The 370 Keykos specifies two kinds of banks, prompt and non-prompt. Only prompt banks were implemented. Non-prompt banks were not entirely specified. An order for space on a prompt bank always responds quickly to grant the space or say “no space available”, whereas a non-prompt bank might indefinitely delay the response as it consults user provided space policy agents who might make more space available. When you pass a bank to some sort of creator, requesting some new complex object, and that creator is shared with others, the creator should verify that the bank is prompt before invoking it. If it fails to do so then the shared creator may become unavailable to others as the bank stalls indefinitely upon a request for space.

Programs needing to build objects that might require substantial space, would hold both a prompt and a non-prompt bank. The prompt bank would be for a dearer inelastic supply of space and the non-prompt bank would supply the bulk of the space, an amount of space to be determined, perhaps, as the computation proceeds. Invocations of a factory would pass both and the factory proper would invoke only the prompt bank. Both banks would be passed to the factory yield. This plan requires two kinds of space planning, one for each kind of bank.
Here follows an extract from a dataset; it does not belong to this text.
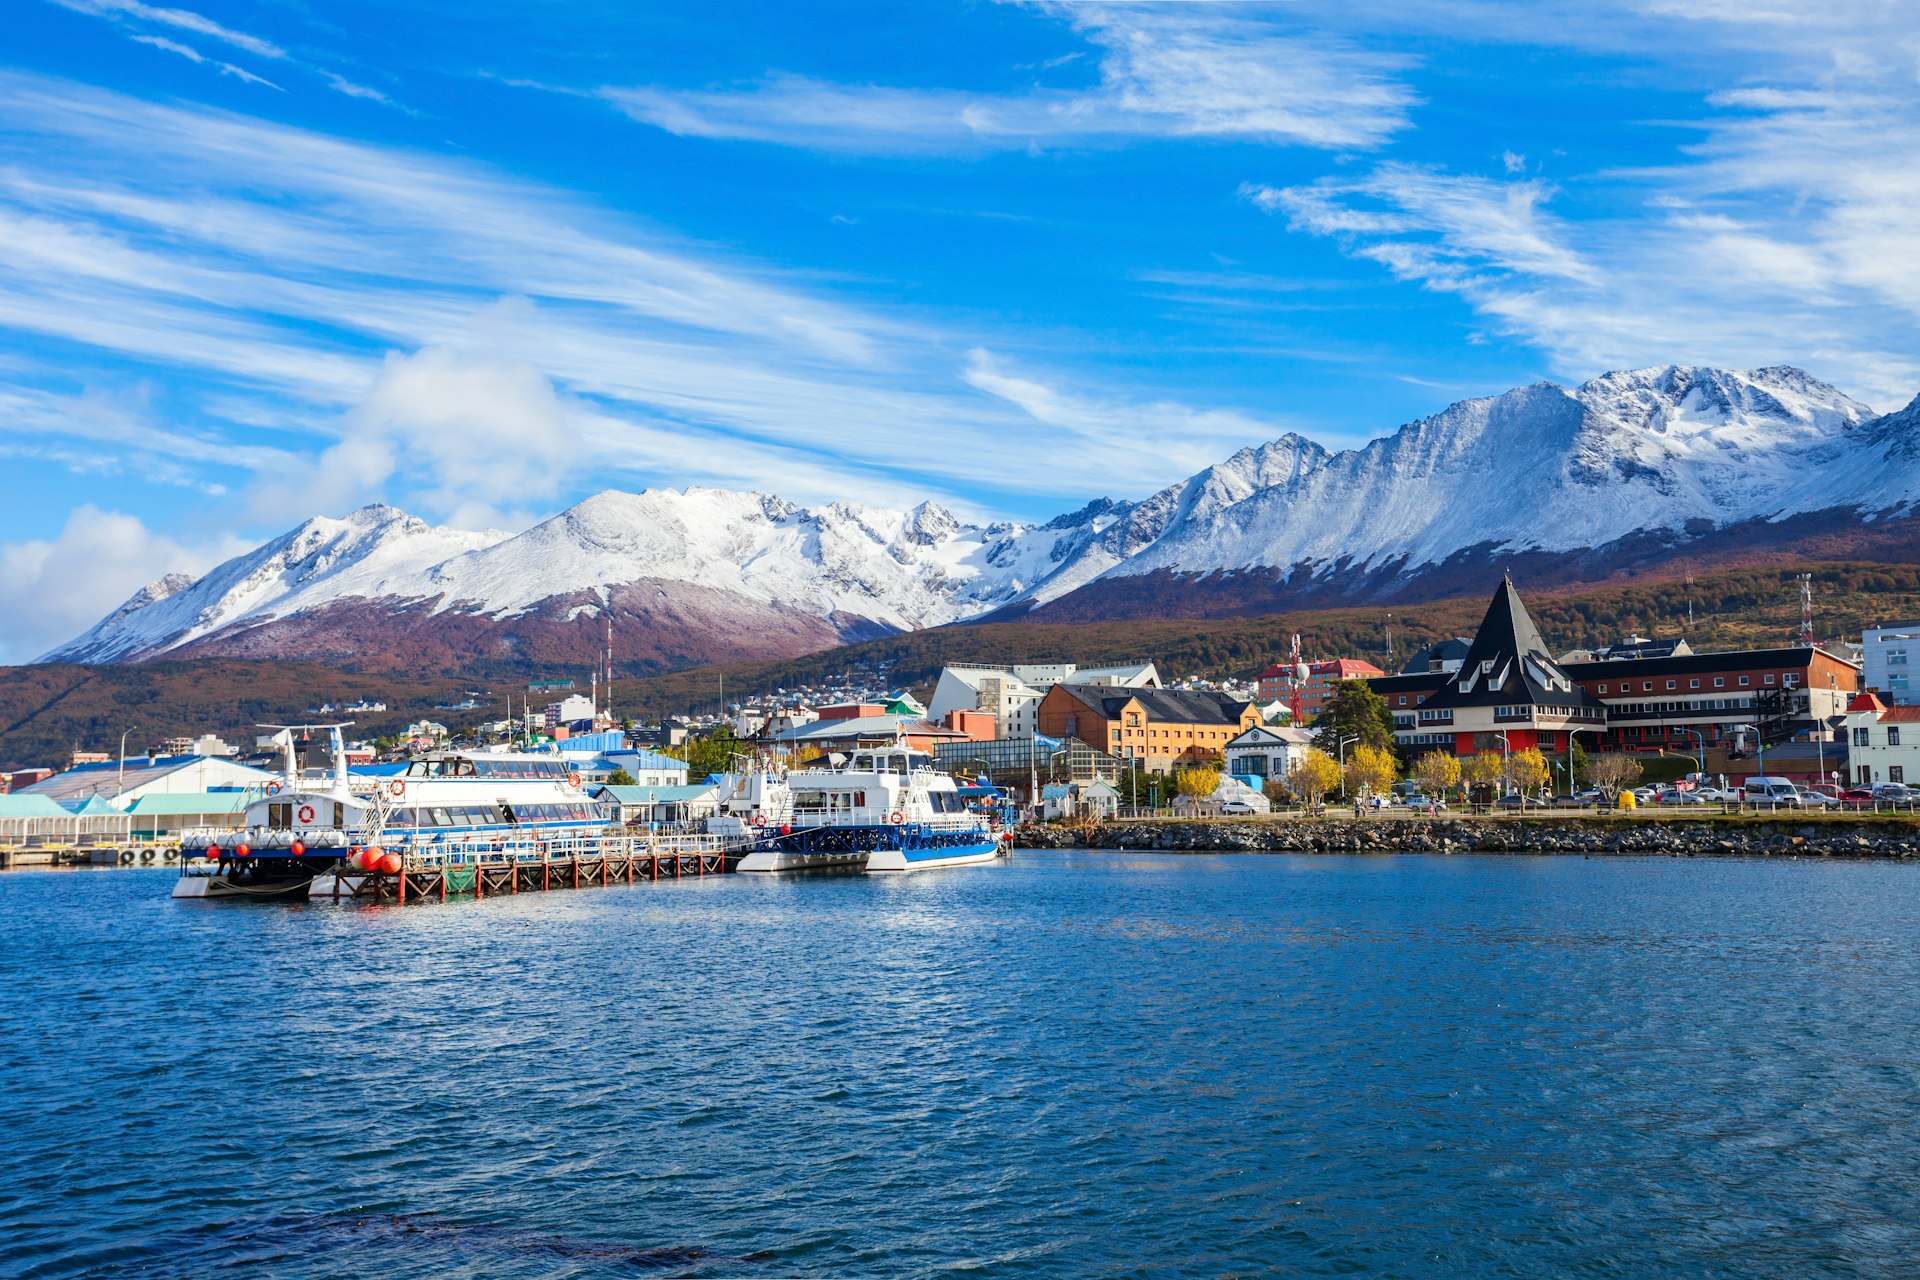 A small harbor lined with boats and catamarans; snow-capped mountains rise behind the town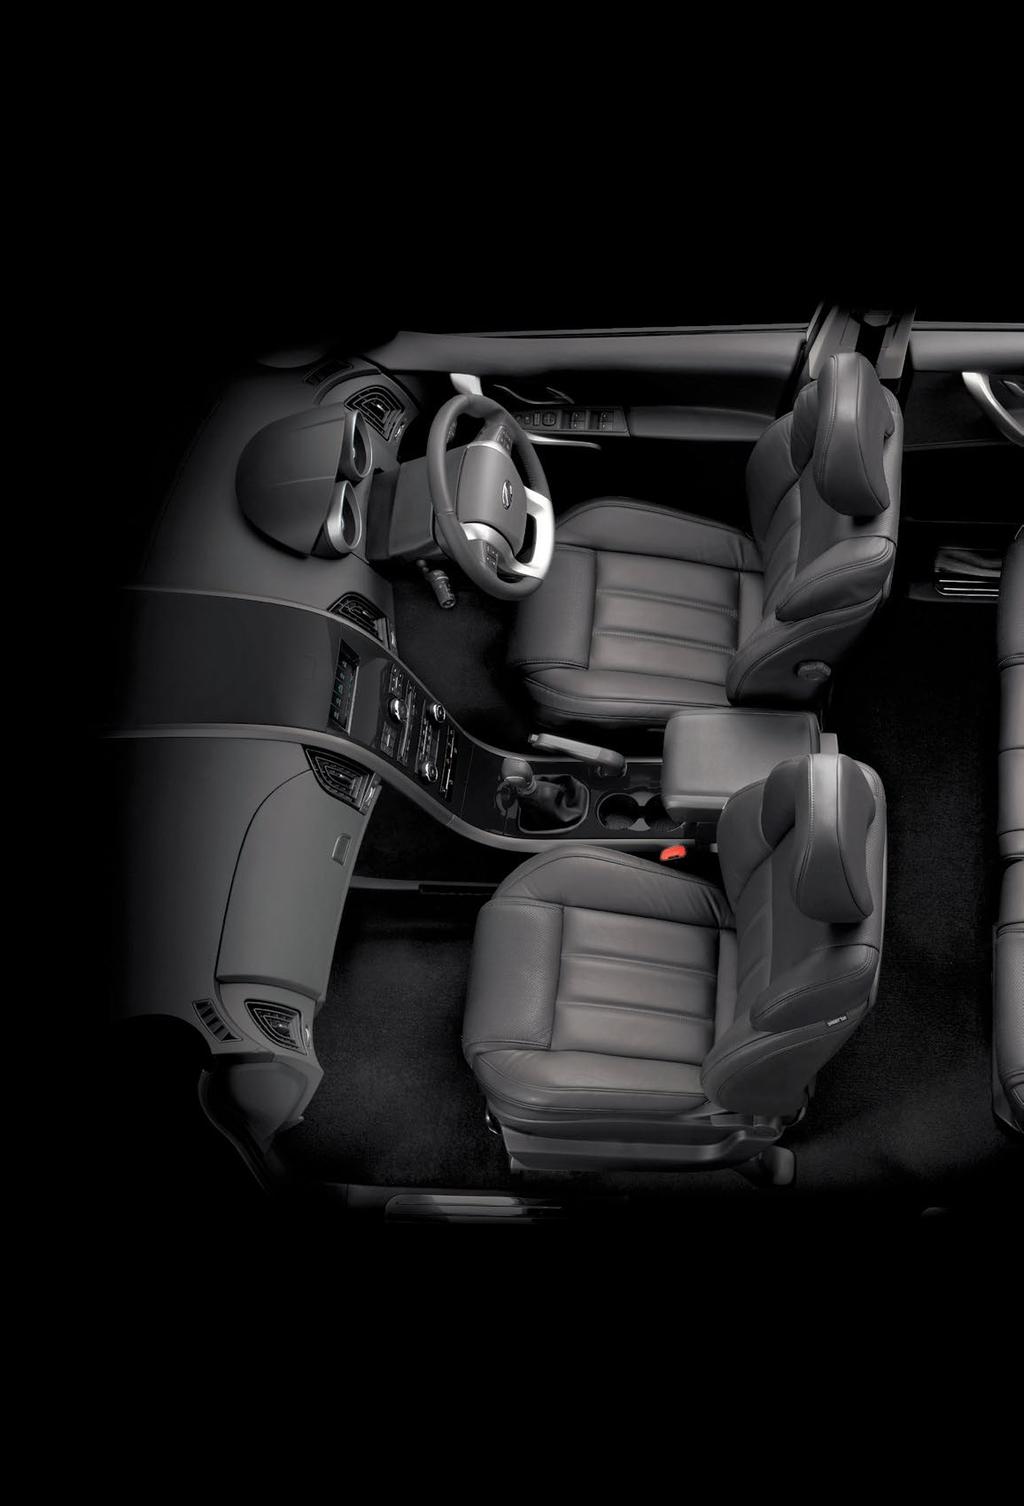 NEW AGE XUV500 FEATURES 7 Leather seats for easy cleaning 2.

Call sites for non-prompt banks would not need logic to contend with denials. Algorithms without plans for coping, would run in domains what would be merely deleted upon exhaustion; perhaps to try a more space efficient algorithm.

Keykos banks report on the limits available on the observation that this information could already be had by ordering storage until such orders were rejected. This reason does not apply to non-prompt banks for which there may be no limit calculable.

The Problem with the Original Plan

The banks supply a covert channel. There is also the pain of the extra planning required by two sets of space.